== WHAT THIS TASK INVOLVES ==
Output the listing exactly as written, apart from its pictures.

== SUPPLIED INFORMATION ==
· · · · · · ·

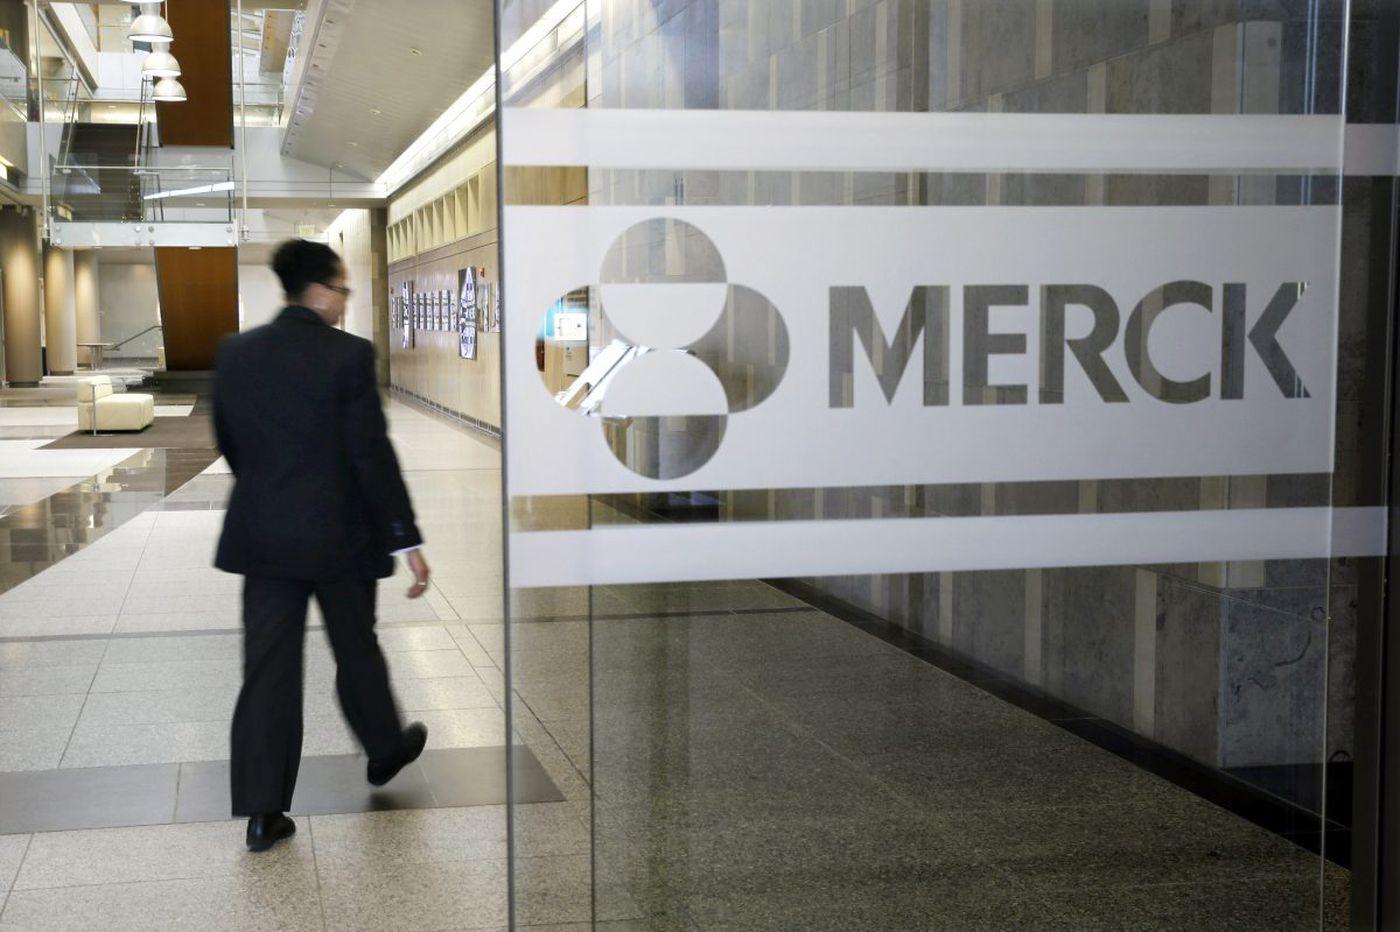 Merck cuts 1,800 sales jobs nationwide, will add 960
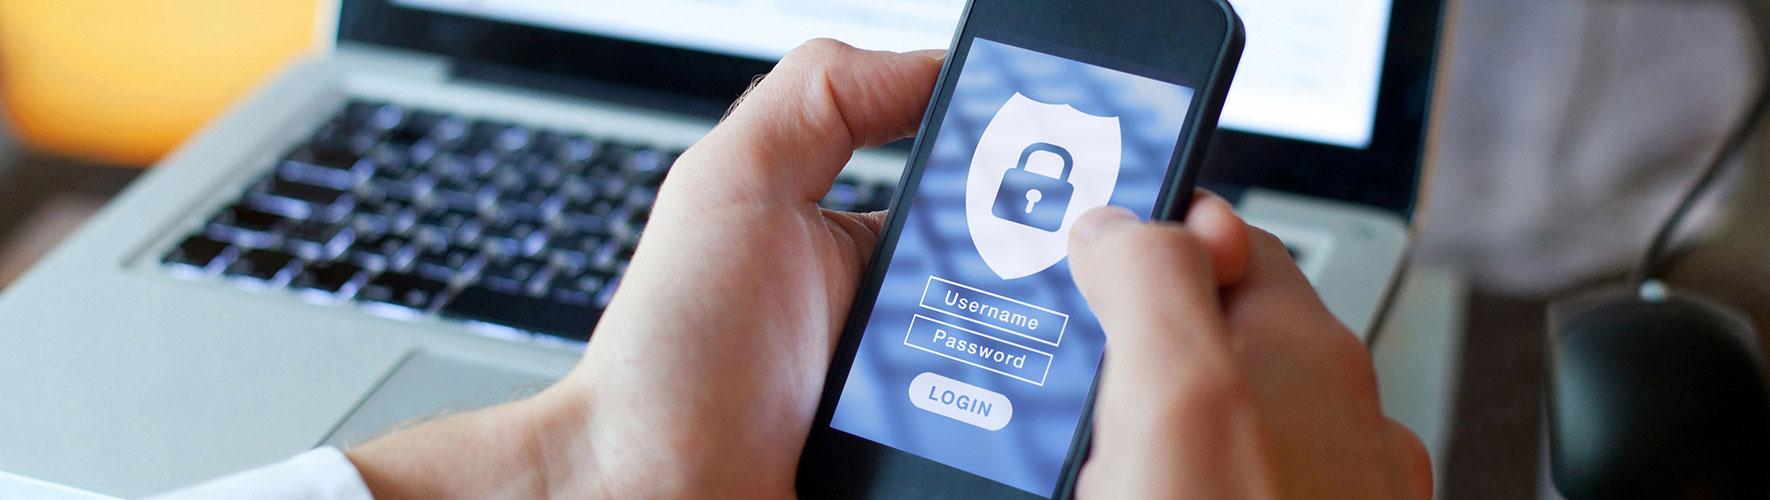 IT Sicherheit ist Chefsache: Cybersecurity
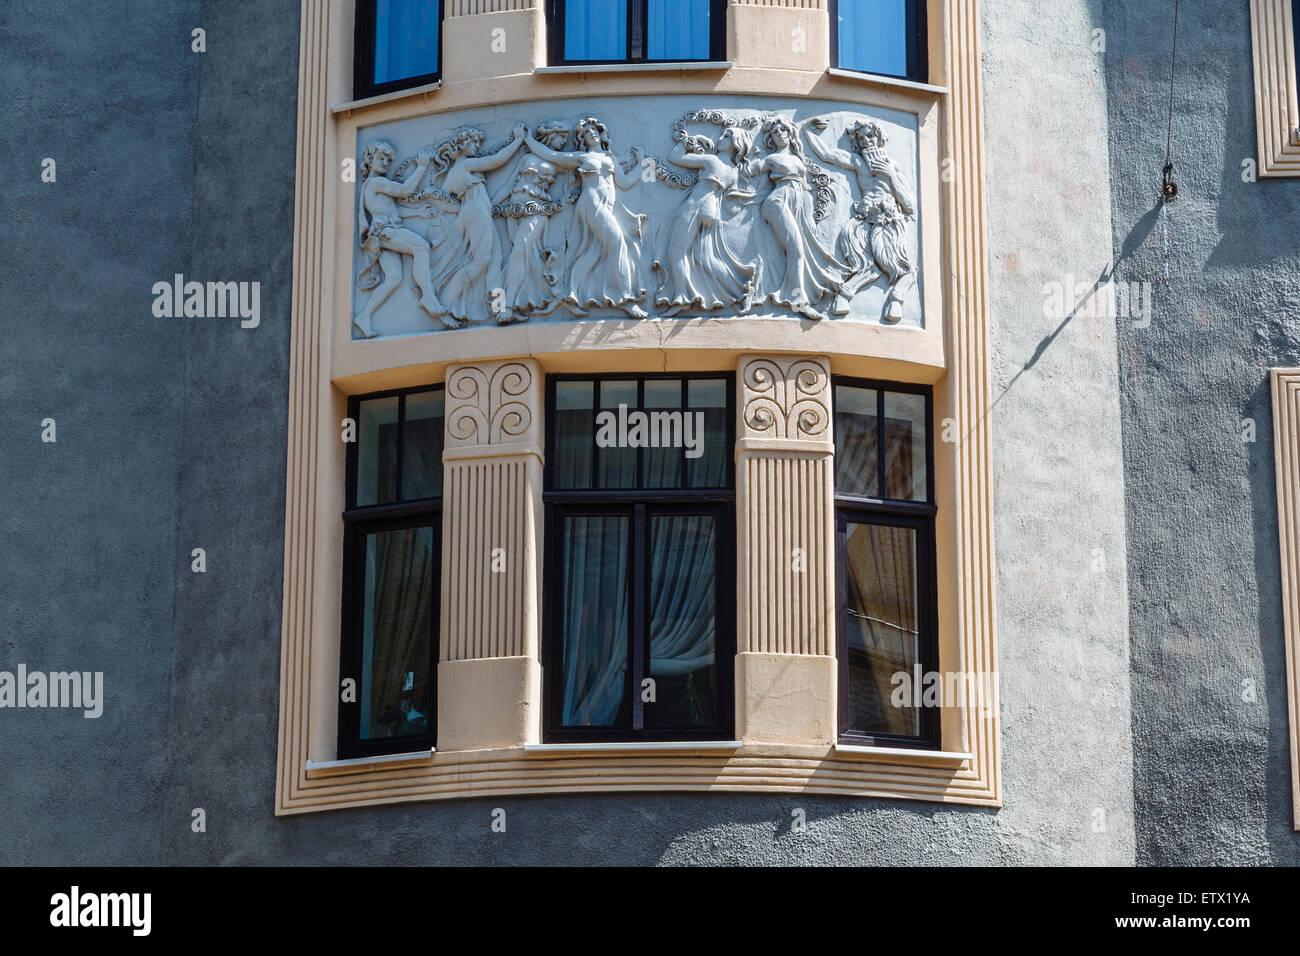 Facade of Art Nouveau (Jugendstil) building at Vilandes Iela 10 in Riga, Latvia, designed by architect Konstantins - Stock Image

· · · · · · ·

== YOUR RESPONSE ==
 Merck cuts 1,800 sales jobs nationwide, will add 960
 IT Sicherheit ist Chefsache: Cybersecurity
 Facade of Art Nouveau (Jugendstil) building at Vilandes Iela 10 in Riga, Latvia, designed by architect Konstantins - Stock Image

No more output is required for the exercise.